KREATION: Most of the current multi kmer based assemblers run the assembly for a kmer set scattered over the entire read length. This results in generation of suboptimal assembly and increase in run time. We propose KREATION, a method that can be incorporated into an assembler to automatically learns at which kmer value to stop the assembly by analysing the transcripts generated by single kmer iteration. It clusters the related assemblies to estimate the necessity of an additional kmer assembly. We found that a linear model based fit approach works well for predicting the kmer value beyond which no assembly is required. This approach was tested on datasets of different sequence coverage and read length. When compared to the assembly generated by using full range of kmer values, KREATION was found to produce lossless results with a significant reduction in runtime.
RE-READ: Assembling transcriptome reads with high sequence coverage requires large amount of computational memory.

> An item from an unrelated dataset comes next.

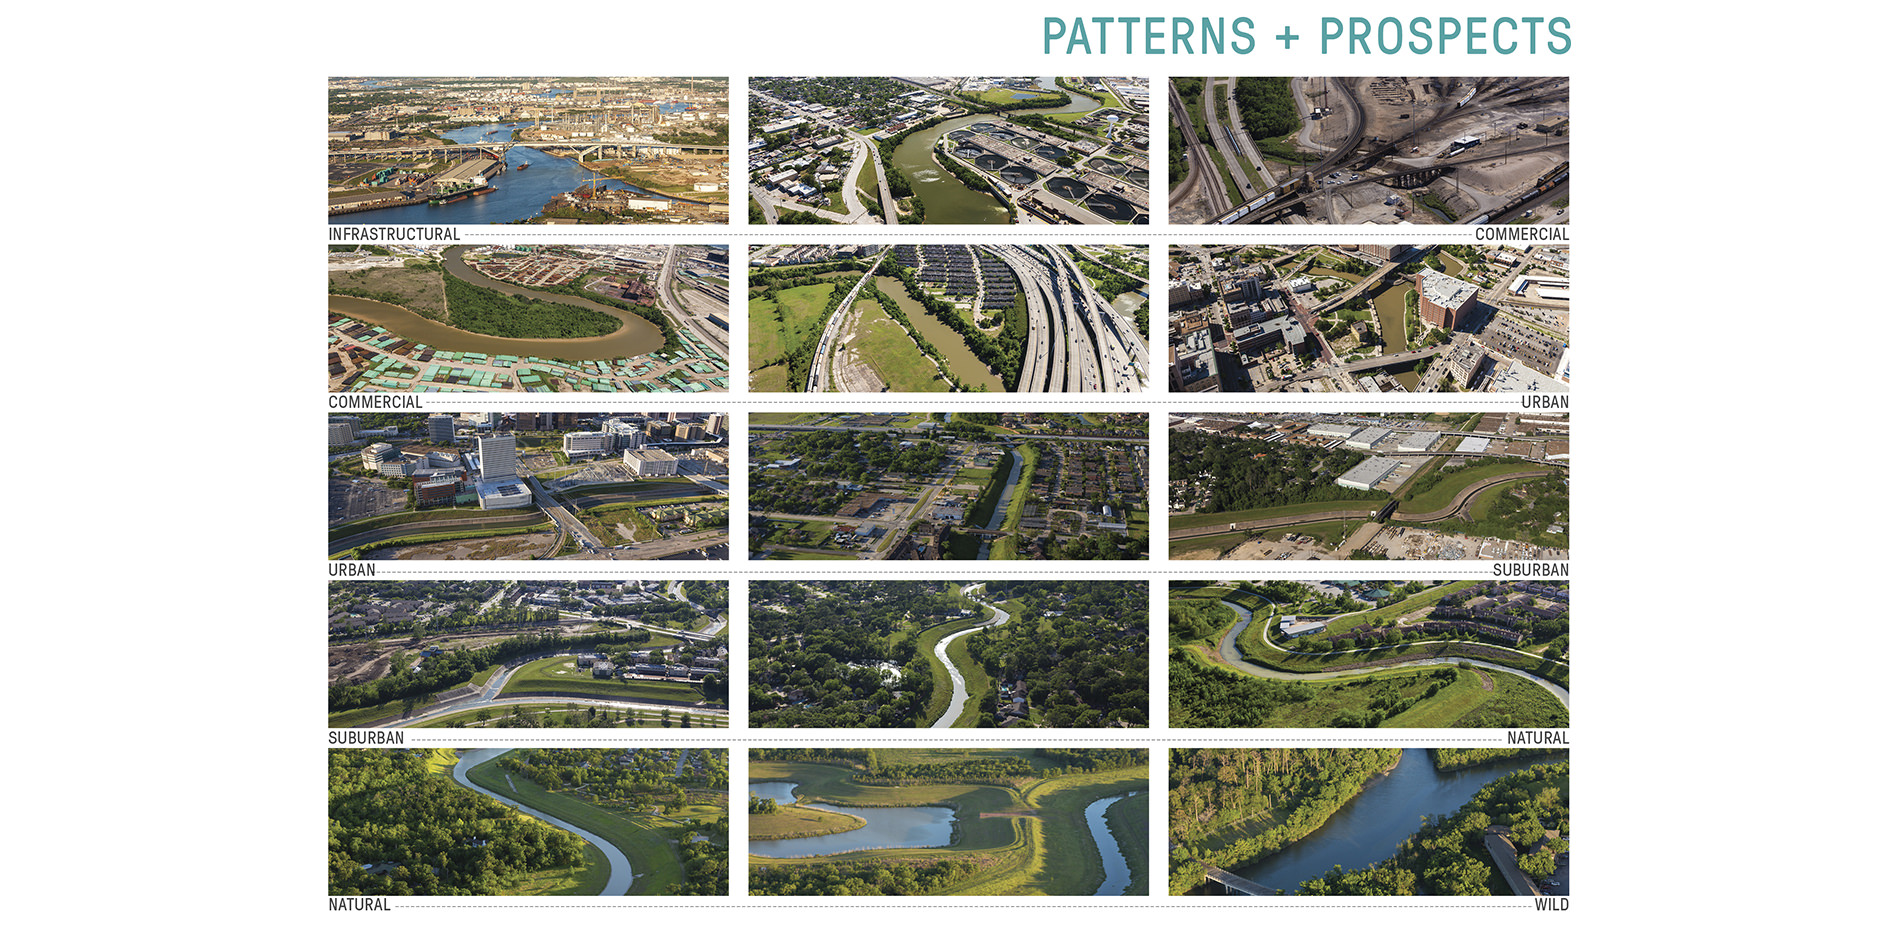 Patterns and Prospects Images

These datasets generally consists of redundant data which when removed can reduce the memory requirement. Current algorithms have a risk of losing kmers which form connections between nodes in the de Bruijn graph. This results in suboptimal assembly. We propose an algorithm called RE-READ which analyses the reads and predicts the connections in the de bruijn graph. Reads are removed if they do not contribute to the connectivity or might contribute to an misassemble. The algorithm will reduce the data significantly without significant loss of assembly quality.
CONCLUSION: We put forward two completely automated methods which significantly reduces the runtime and memory requirements. This would make assemblers efficient and easier to use.